Once we have the adjacency table, it is easy to convert it to a graph.
This is the “data wrangling” part of my Tidy Tuesday.
library(tibble)
library(tidyr)
library(stringr)
library(purrr)
library(igraph)
library(tidygraph)
adjacencies <- rep(list(words_of_interest),length(characters))
names(adjacencies) <- characters
adjacencies <- adjacencies %>%
enframe("character", "word") %>%
unnest(word) %>%
nest_join(select(avatar,character, character_words),
"character", name = "lines") %>%
group_by(character, word) %>%
mutate(weight = map_dbl(lines, ~sum(str_count(.$character_words, word)))) %>%
filter(weight > 4, character != word) %>%
select(-lines)
graph <- graph_from_data_frame(adjacencies)
graph <- as_tbl_graph(graph)
graph <- left_join(graph, tribes, by = c(name = "words"))
adjacencies
character | word | weight |
---|---|---|
Aang | Avatar | 56 |
Aang | Sokka | 87 |
Aang | Katara | 101 |
Aang | Toph | 22 |
Aang | Zuko | 21 |
Aang | Fire Lord | 33 |
Aang | kill | 7 |
Aang | save | 12 |
Aang | spirit | 22 |
Aang | Appa | 106 |
Aang | bison | 12 |
Aang | Ozai | 7 |
Aang | bending | 49 |
Aang | honor | 5 |
Sokka | Avatar | 26 |
Sokka | Aang | 98 |
Sokka | Katara | 69 |
Sokka | Toph | 25 |
Sokka | Zuko | 22 |
Sokka | Fire Lord | 25 |
Sokka | kill | 8 |
Sokka | save | 5 |
Sokka | Earth Kingdom | 6 |
Sokka | spirit | 9 |
Sokka | Appa | 35 |
Sokka | bison | 9 |
Sokka | moon | 5 |
Sokka | bending | 25 |
Katara | Avatar | 36 |
Katara | Aang | 220 |
Katara | Sokka | 108 |
Katara | Toph | 26 |
Katara | Zuko | 19 |
Katara | kill | 5 |
Katara | save | 9 |
Katara | Earth Kingdom | 6 |
Katara | Appa | 28 |
Katara | bending | 47 |
Toph | Aang | 11 |
Toph | Sokka | 15 |
Toph | Katara | 20 |
Toph | Zuko | 5 |
Toph | Fire Lord | 7 |
Toph | bending | 15 |
Zuko | Avatar | 57 |
Zuko | Aang | 9 |
Zuko | Sokka | 8 |
Zuko | Katara | 5 |
Zuko | Fire Lord | 7 |
Zuko | Azula | 14 |
Zuko | kill | 5 |
Zuko | save | 8 |
Zuko | Earth Kingdom | 5 |
Zuko | bending | 19 |
Zuko | honor | 16 |
Iroh | Avatar | 18 |
Iroh | Zuko | 54 |
Iroh | Fire Lord | 10 |
Iroh | Azula | 5 |
Iroh | moon | 5 |
Iroh | bending | 5 |
Iroh | balance | 5 |
Iroh | honor | 10 |
Ozai | Zuko | 6 |
Ozai | Fire Lord | 7 |
Ozai | Azula | 5 |
Azula | Avatar | 13 |
Azula | Zuko | 18 |
Azula | Fire Lord | 8 |
Azula | honor | 6 |
Azula | Dai Li | 6 |
Plot
The handy package ggraph allow us to plot graphs in a similiar way to ggplot plotting.

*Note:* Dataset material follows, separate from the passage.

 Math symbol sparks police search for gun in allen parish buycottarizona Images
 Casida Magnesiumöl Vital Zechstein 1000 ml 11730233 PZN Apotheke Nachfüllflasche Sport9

We also make a custom fill and color scale to be true to Avatar’s palette. I found the colors in the nice palletes by emilytjames. We also embbed the iconic font used in Avatar.
library(ggplot2)
library(ggraph)
theme_set(theme_bw(14))
# Avatar fill color scale
avatar_fill <- function (...) { scale_fill_manual(values = c(
"#F1B84A", "grey20",
"#4FA24C", "#900B0B",
"#4A82CB")
) }
avatar_color <- function (...) { scale_colour_manual(values = c(
"#F1B84A", "grey20",
"#4FA24C", "#900B0B",
"#4A82CB")
) }
# Avatar font
windowsFonts(avatar_font = windowsFont("Herculanum"))
ggraph(graph, layout = 'fr')+
geom_edge_link(aes(width = weight), color = 'grey70')+
geom_node_point(aes(color = tribes))+
geom_node_label(aes(label = name, fill = tribes),
color = "white", fontface = "bold",
family = "avatar_font", size = 5,
repel = TRUE)+
avatar_fill()+
avatar_color()+
theme(legend.position = "top")+
labs(title = "Avatar referencing graph", color = "Tribes",
fill = "Tribes", width = "Weight")
Nice! That’s our graph. We can see how the central characters in the plot are also in the center of the graph. They reference among themselves a lot. The most central concept in our graph is, of course, “Avatar”. We can also get a glimpse of how the idea of Honor is important for the Fire Tribe. And we get the interesting fact that the character that cites the most the Earth Kingdom concept of the royal guard Dai Li is actually Azula, from the Fire Tribe. Well, if you watched the show you know why that is, if you haven’t, what are you waiting for?